FIGURE 4. Using a sample size of 200 triads, the statistical power of the log-linear approach to case-parent triad data for detecting maternal genetic associations with offspring disease risk depends on whether the offsprings’ own genotypes also affect disease risk. The underlying (or "true") maternal hetero- and homozygote relative risks (RRs) were, respectively, 1.4 and 2 in the log-additive scenarios (left panel), 2 and 2 in the dominant scenarios (middle panel), and null and 2 in the recessive scenarios (right panel). When offspring RRs were non-null, they were equal to the maternal RRs for a given underlying mode of inheritance. In all analyses, hetero- and homozygote RRs were estimated separately, with no assumptions about the underlying genetic model.

 
MDRR estimates with 80 percent power and 200 triads
When the underlying genetic model was log-additive and when 0.25 ≤ f ≤ 0.75, minimum detectable heterozygote relative risks were approximately 1.5–1.7 (figure 5). Variation of the MDRRs with f demonstrated slight skewing towards higher MDRRs as f approached 1, as compared with f near 0. MDRRs from the assumed-log-additive model were 6 percent lower than those from the unrestricted model, on average, and were never more than 14 percent lower.



View larger version (28K):
[in this window]
[in a new window]
 
FIGURE 5. Minimum detectable maternal relative risks (MDRRs) according to high-risk variant allele frequency when the underlying genetic model is log-additive (left panel), dominant (middle panel), or recessive (right panel), using a sample size of 200 case-parent triads.
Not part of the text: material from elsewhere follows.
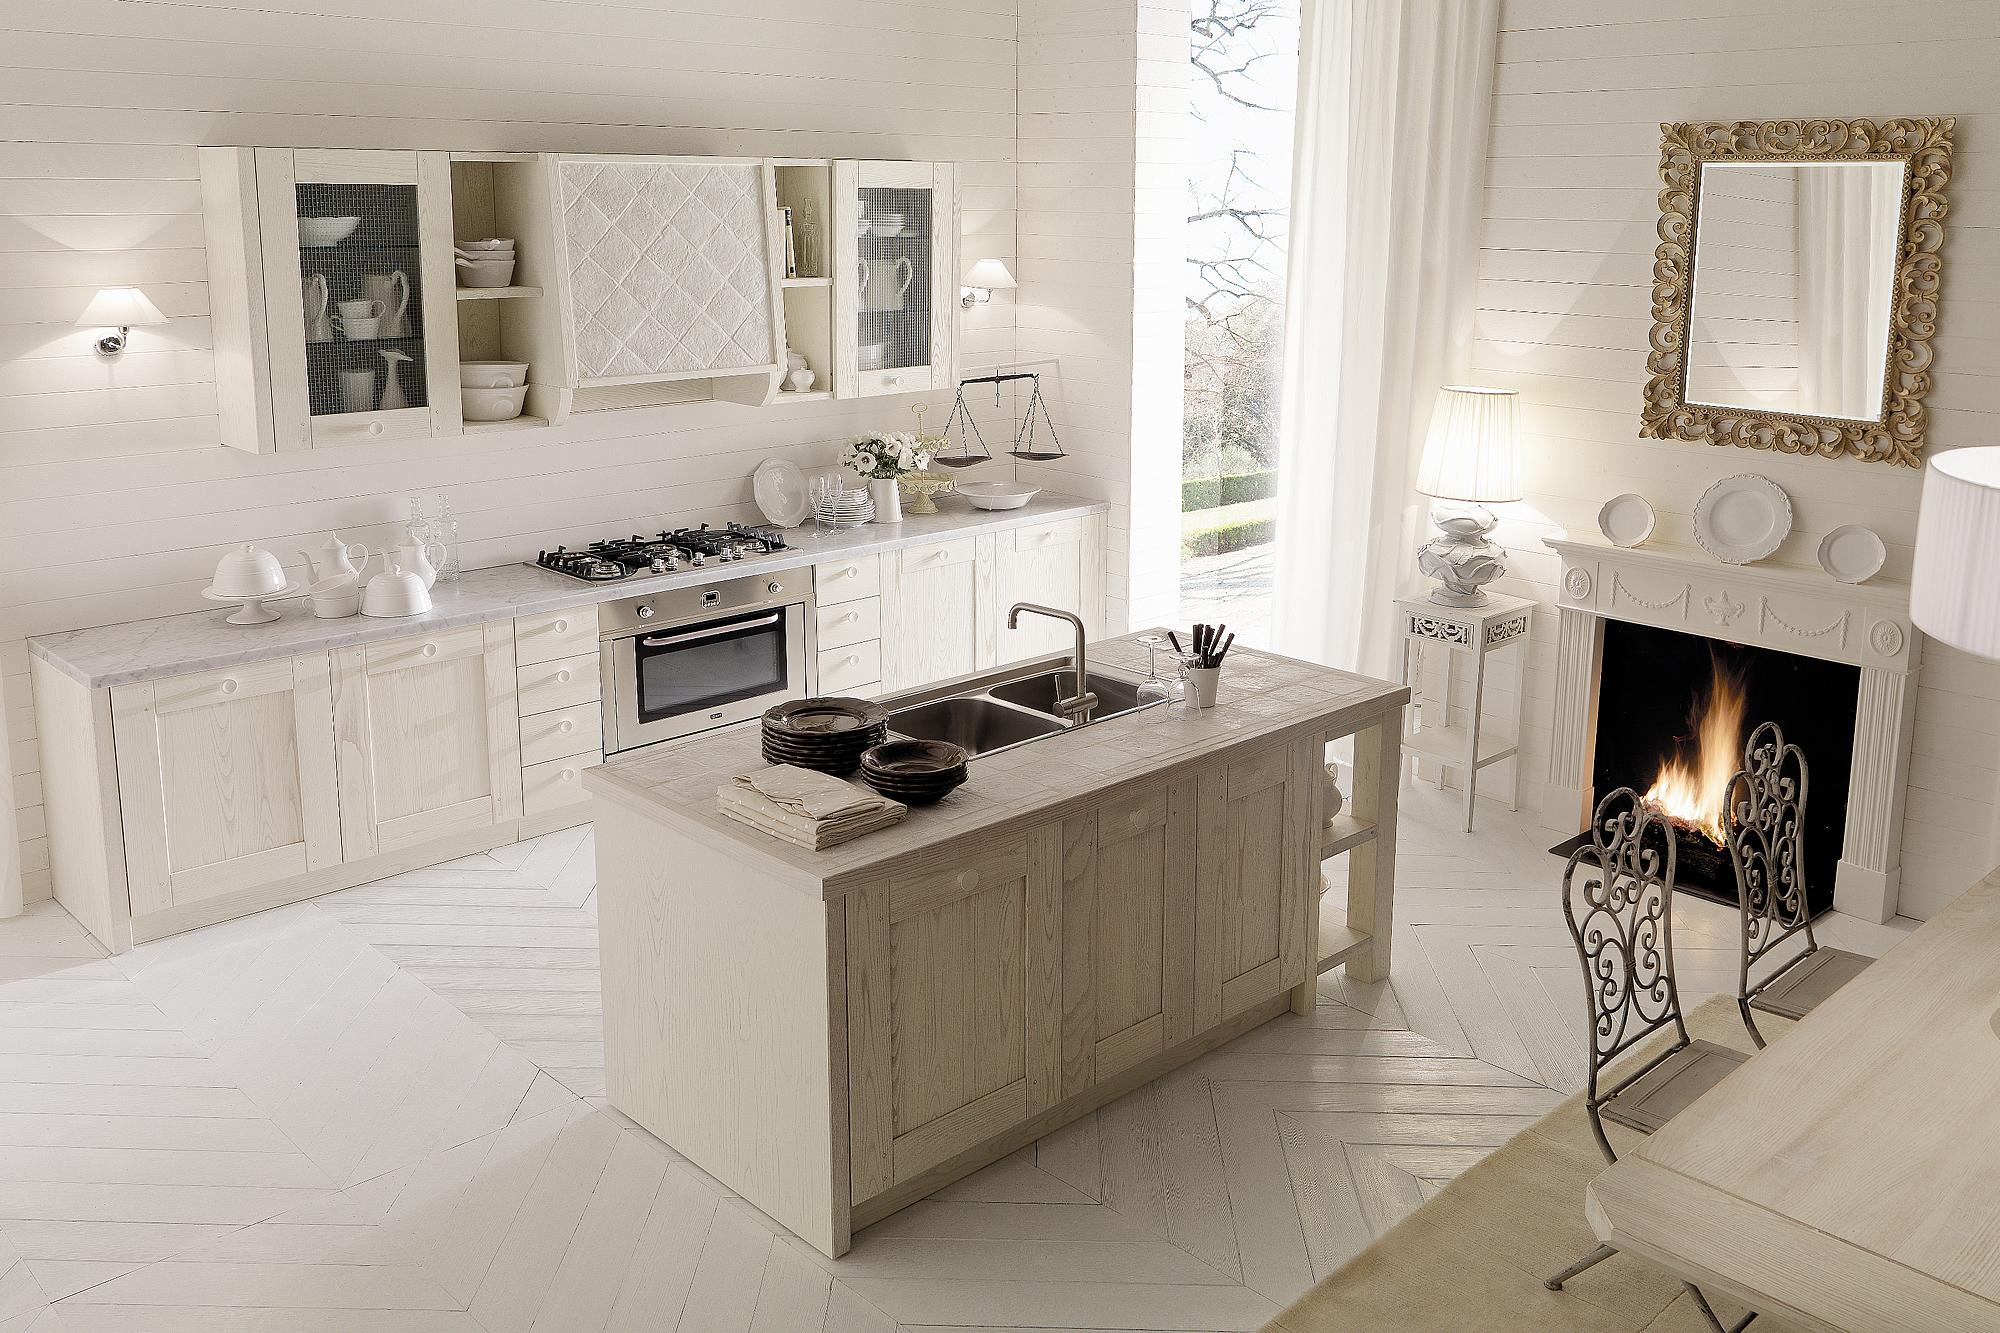 Cucine bianche country chic in muratura cucine in legno - Cucina bianca e legno ...

For all underlying modes of inheritance, hetero- and homozygote relative risks (RRs) were estimated separately, with no assumptions about the underlying genetic model (in the unrestricted model, the solid line indicates the homozygote RR and the dotted line indicates the heterozygote RR). Additionally, MDRRs were estimated in restricted analyses, in which the analytic model was assumed to be the same as the true mode of inheritance. For the underlying log-additive models, the maternal homozygote RR is indicated by the dashed line, and it was assumed to be the square of the maternal heterozygote RR; for the underlying dominant models, the true maternal RRs were equal; for the underlying recessive models, maternal heterozygote RRs were null, and the maternal homozygote RRs from the assumed-recessive analyses are indicated by the dashed lines. In all simulations, the offsprings’ own genotypes were unassociated with disease risk.

 
We observed minimum MDRRs of approximately 2 when 0.15 ≤ f ≤ 0.35 under a dominant genetic model and when 0.4 ≤ f ≤ 0.8 under a recessive genetic model (figure 5). The MDRR increased greatly outside of these ranges. When f was greater than 0.65 under dominant inheritance, MDRRs began to increase sharply, becoming prohibitively high. Under recessive inheritance, the MDRRs varied asymmetrically with f in the direction opposite of that observed with dominant inheritance, but this skewing was less severe. When the assumed model was the same as the true one, MDRRs from the assumed-dominant and assumed-recessive models were generally 5–20 percent lower than those from the unrestricted model.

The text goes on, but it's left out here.